• [Assigned task]: If a record contains an image, leave the image out and repeat everything else exactly.

• [Supplied information]:
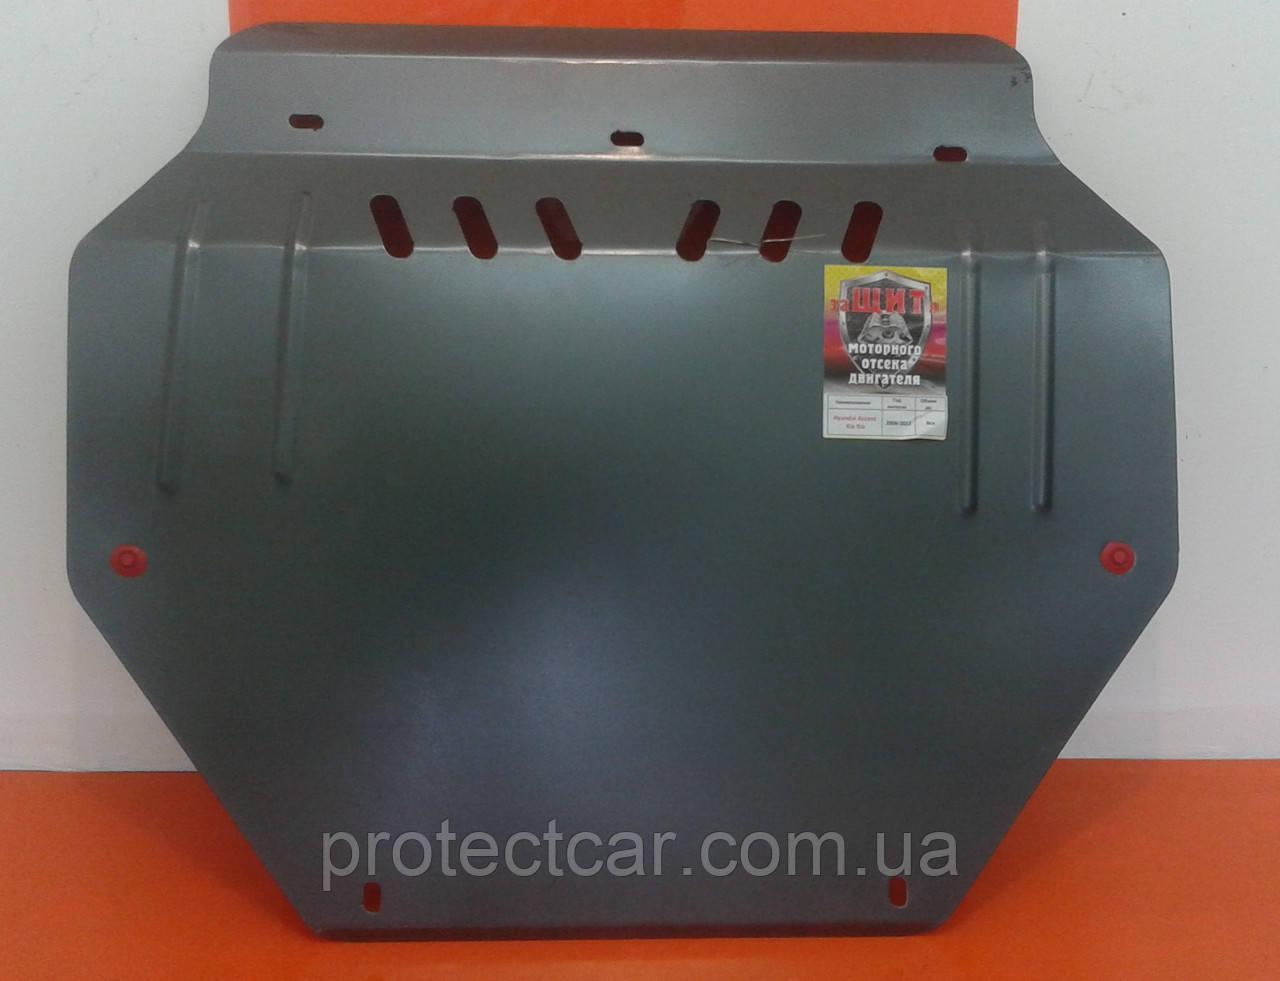 Захист двигуна Hyundai ACCENT (2006-2011) Акцент
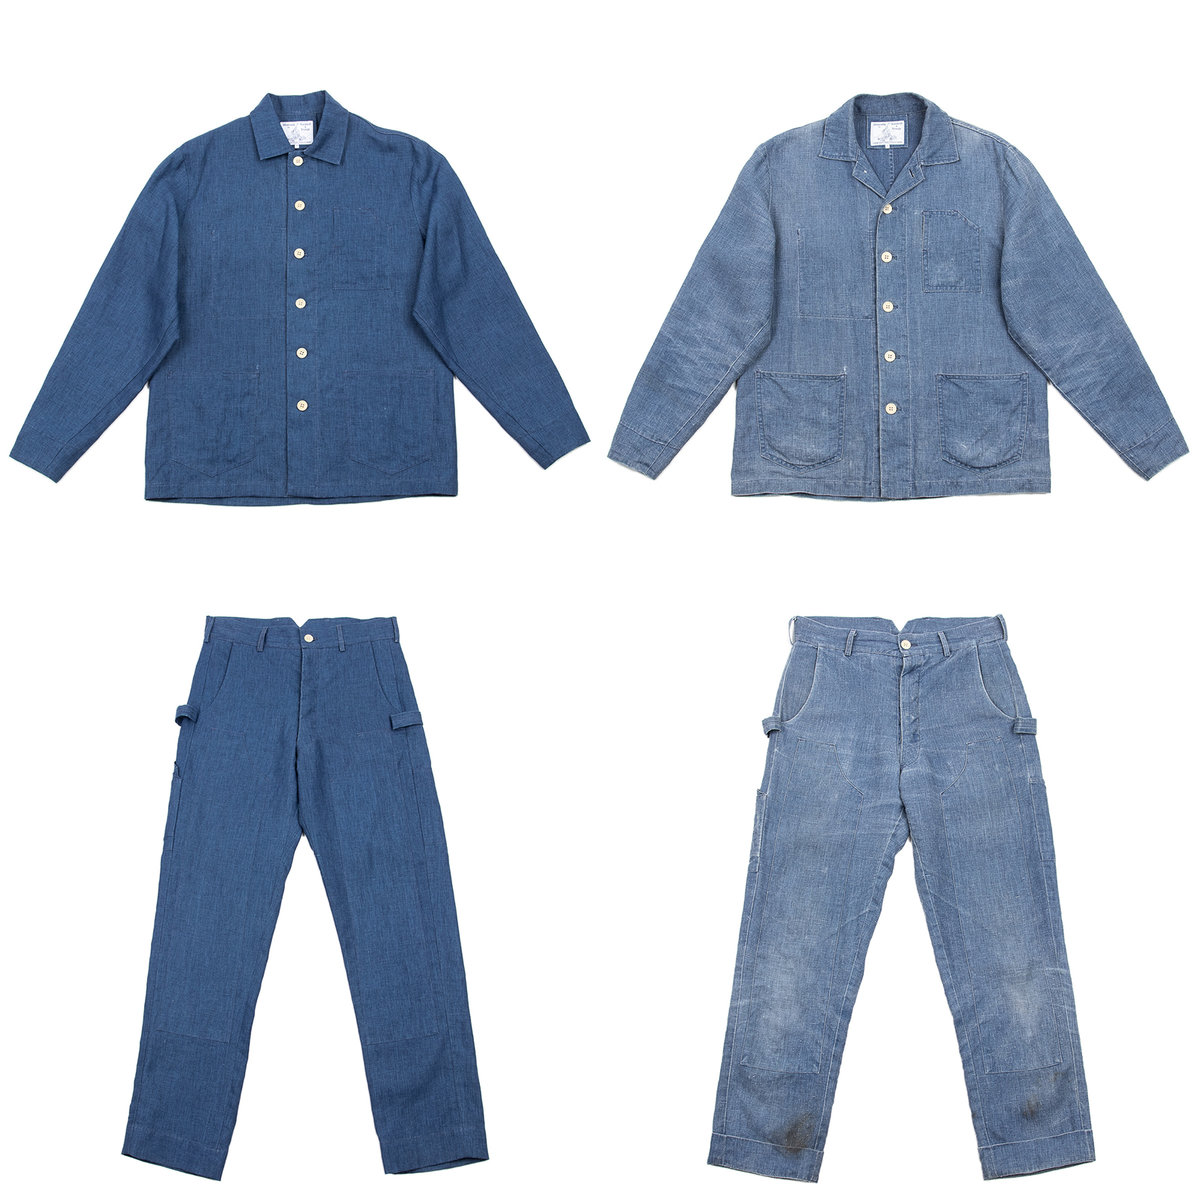 Blluemade - Garden Suit - New vs Elliot.jpg
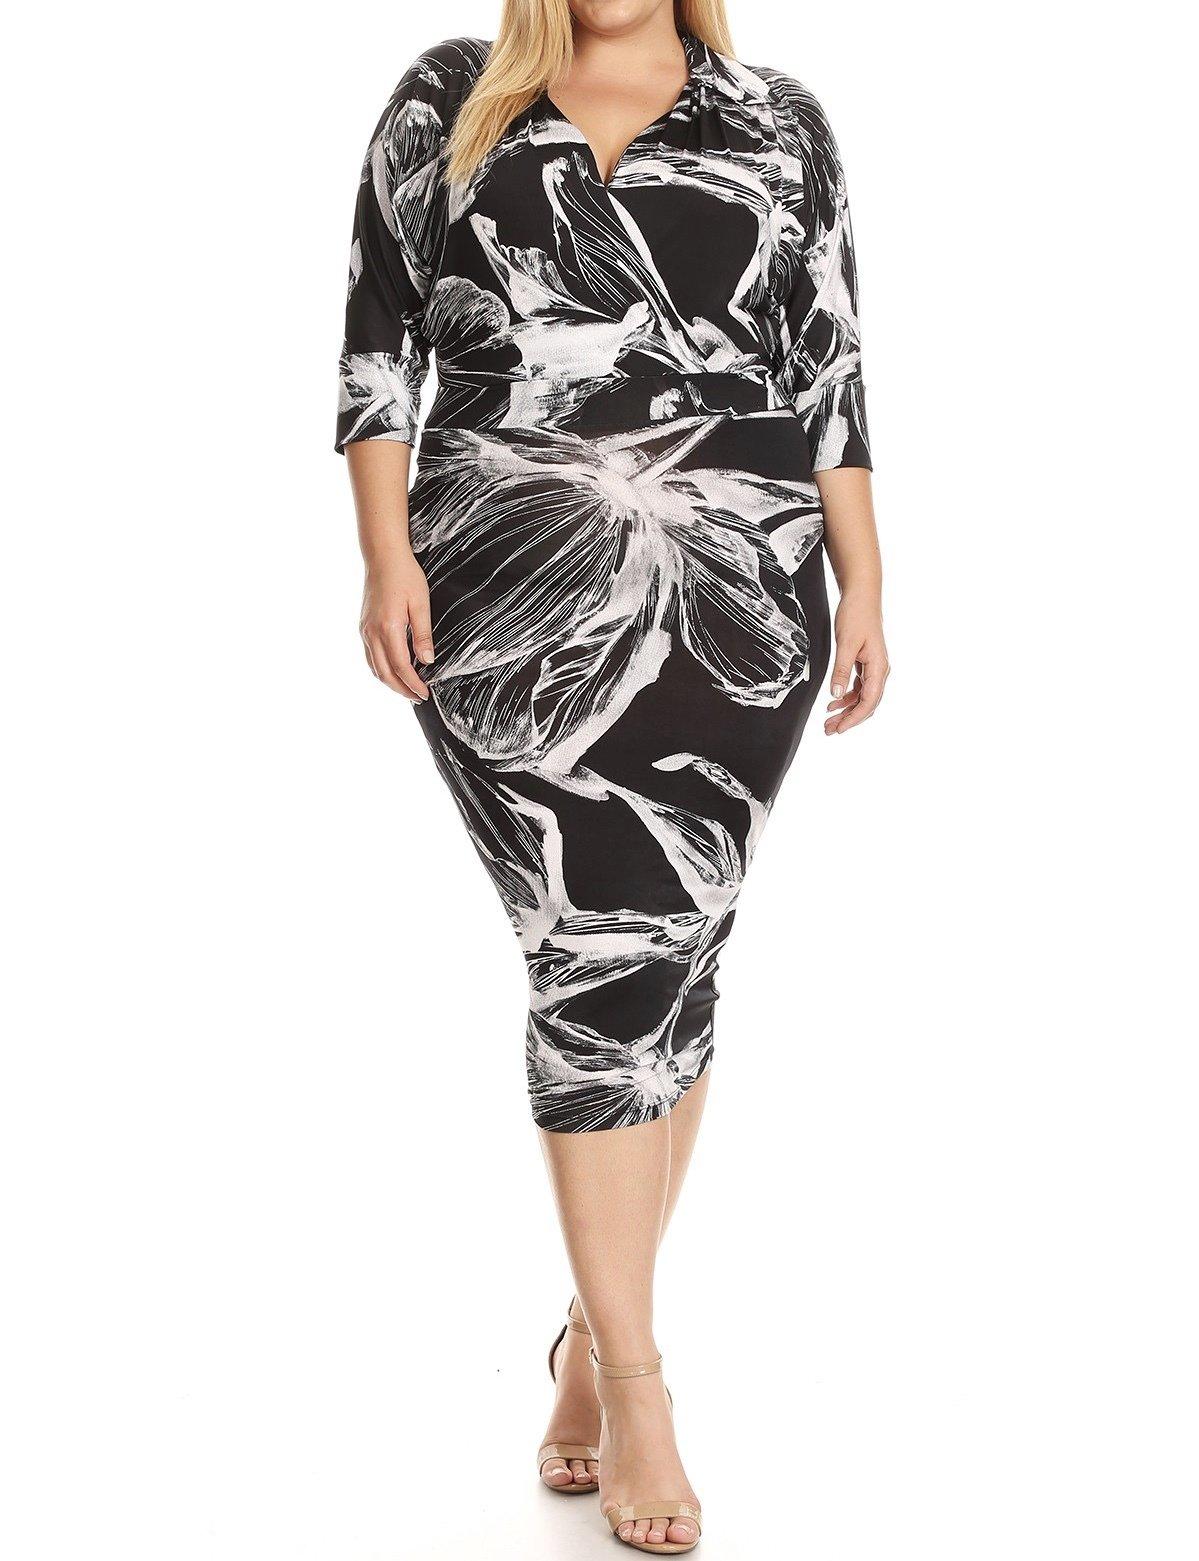 Iris Midi Dress Floral-Curvy UPDR515-IRISBLACKFLORAL
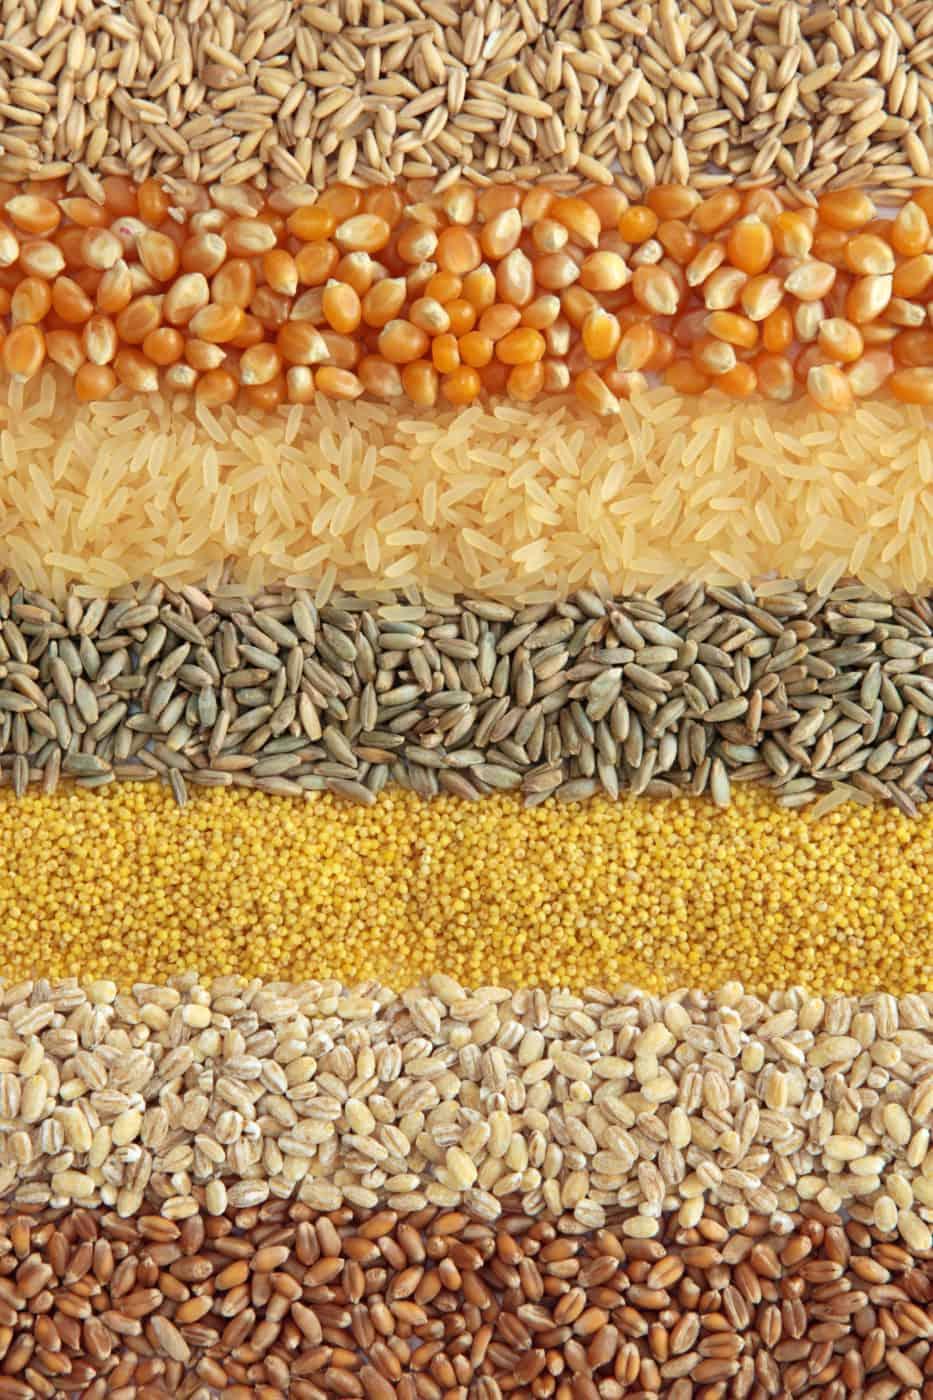 Whole Grain Foods Grocery List
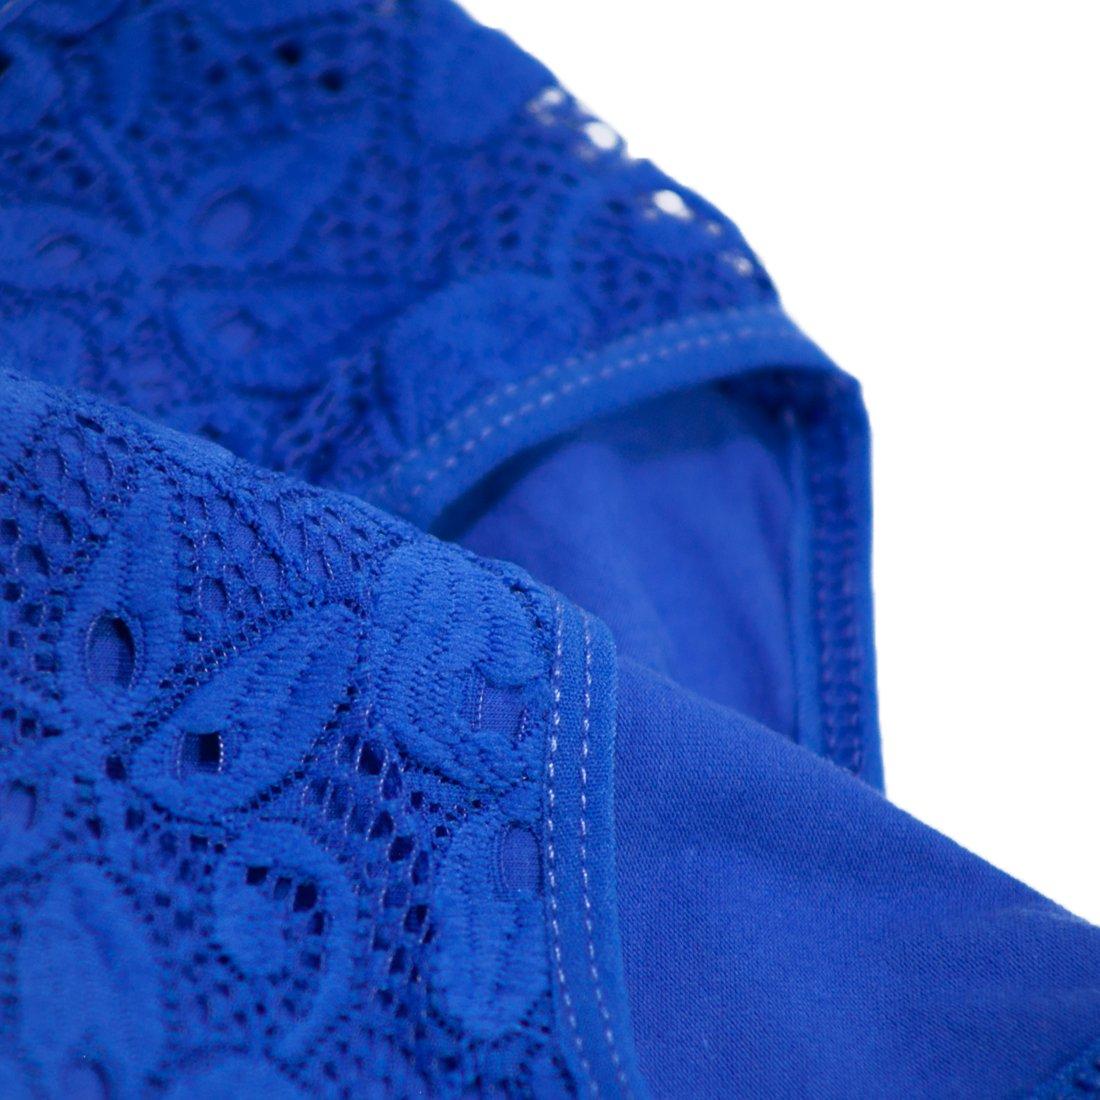 Love Hana Women's Lace Plus Size Brief Panties 4-Pack - XXXL by Love Hana (Image #4)

• [Answer for this exercise]:
 Захист двигуна Hyundai ACCENT (2006-2011) Акцент
 Blluemade - Garden Suit - New vs Elliot.jpg
 Iris Midi Dress Floral-Curvy UPDR515-IRISBLACKFLORAL
 Whole Grain Foods Grocery List
 Love Hana Women's Lace Plus Size Brief Panties 4-Pack - XXXL by Love Hana (Image #4)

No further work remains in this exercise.